Data section:
---+---

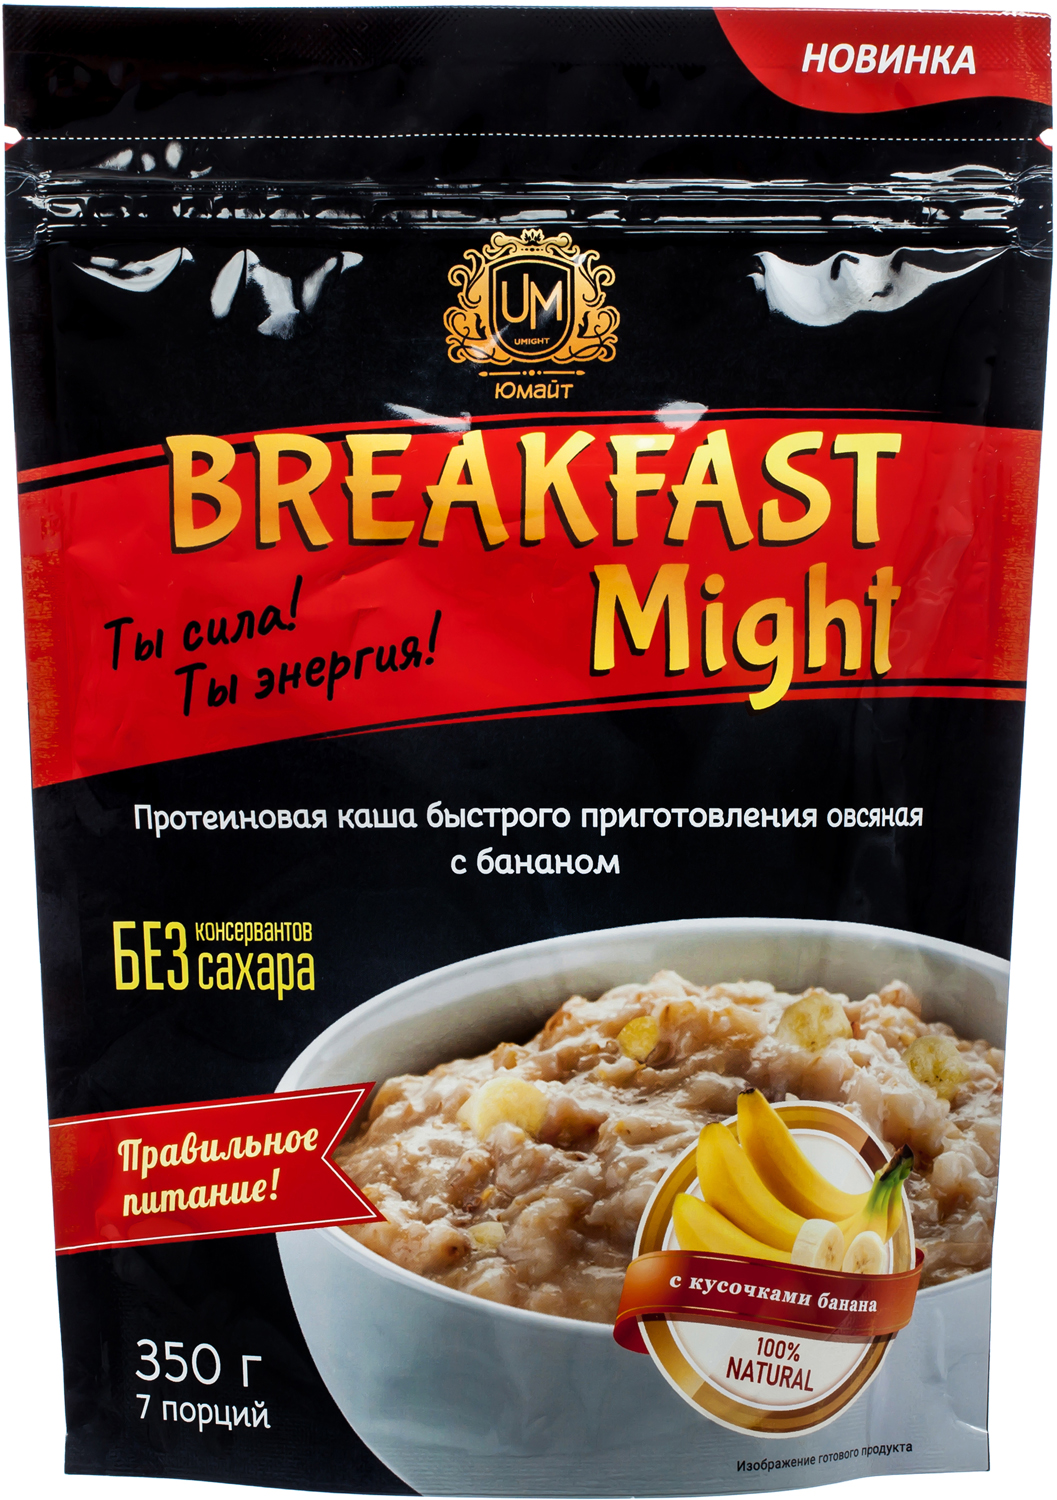 фото Протеиновая каша быстрого приготовления овсяная "breakfast might" с бананом, 350г ооо "юмайт"
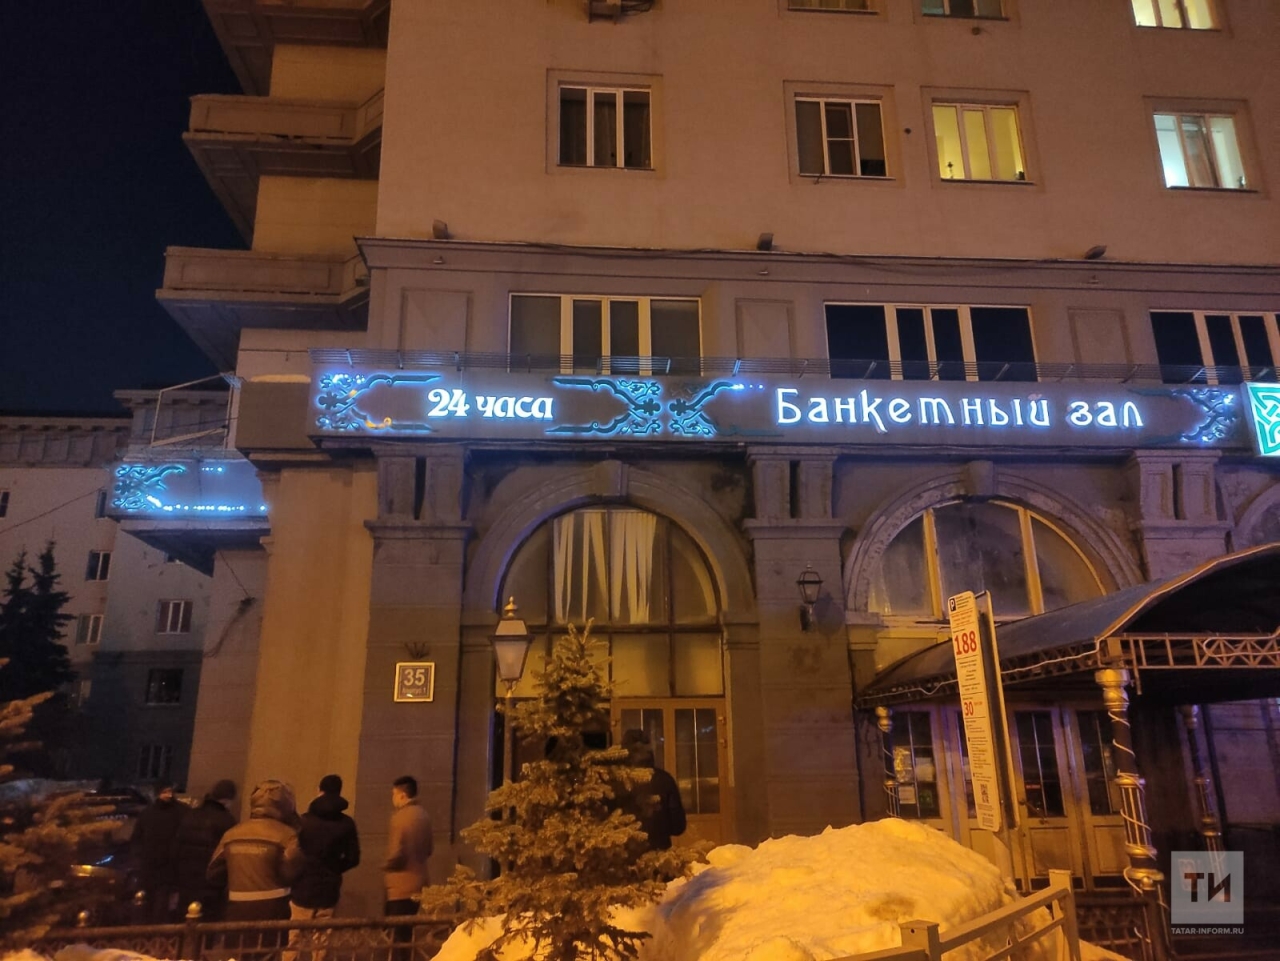 Жильцам казанской пятиэтажки пришлось ночью эвакуироваться из своих квартир из-за пожара
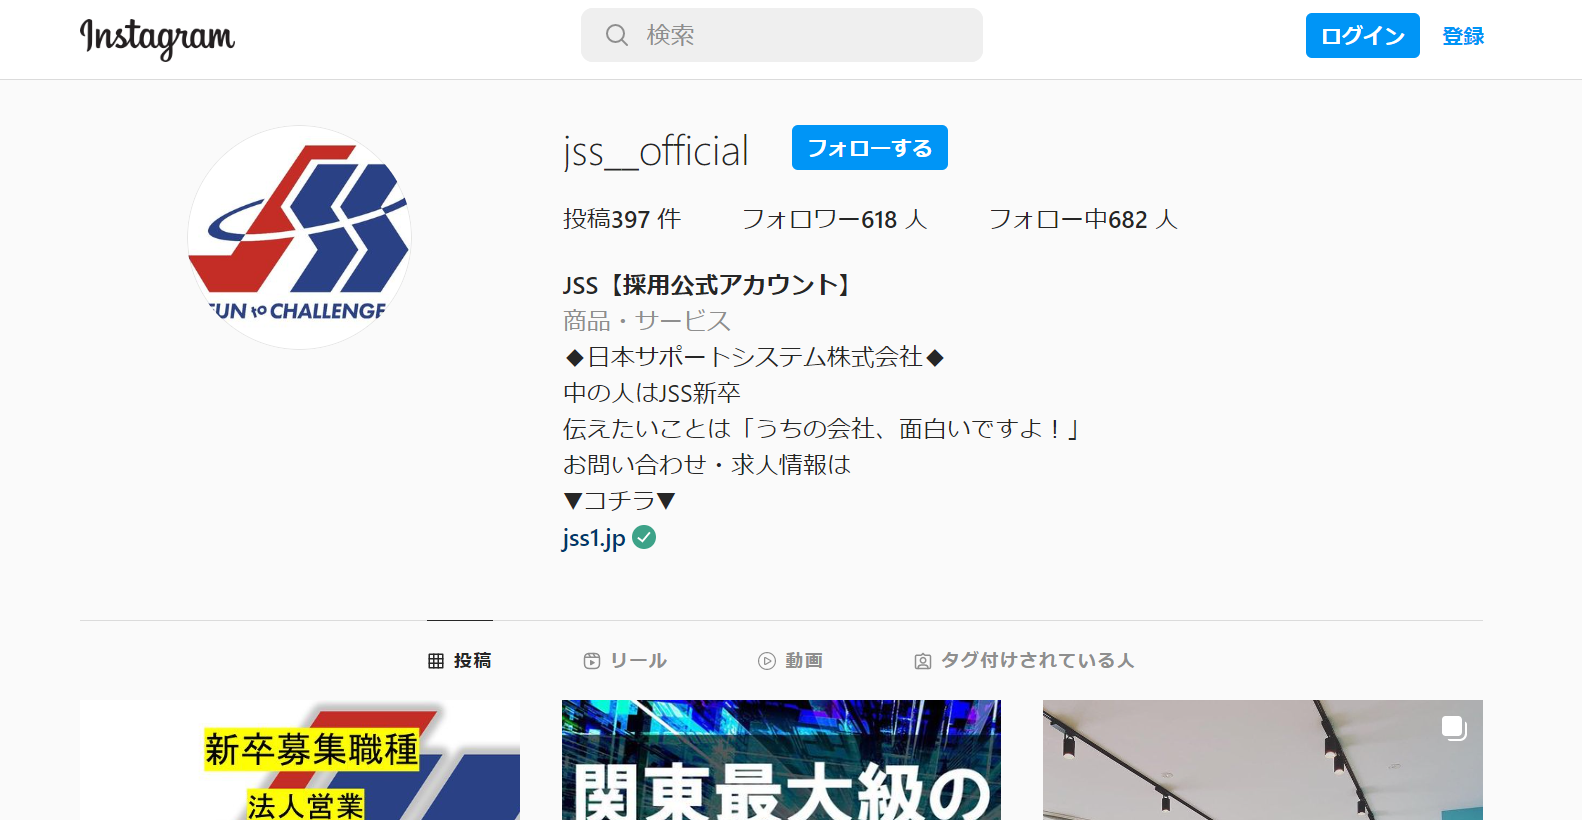 日本サポートシステム株式会社Instagram

---+---

Work to be completed:
Exactly the lines from the line with "Жильцам казанской пятиэтажки" through the end of the data are to be reproduced, and no picture is to be included.

Reply:
 Жильцам казанской пятиэтажки пришлось ночью эвакуироваться из своих квартир из-за пожара
 日本サポートシステム株式会社Instagram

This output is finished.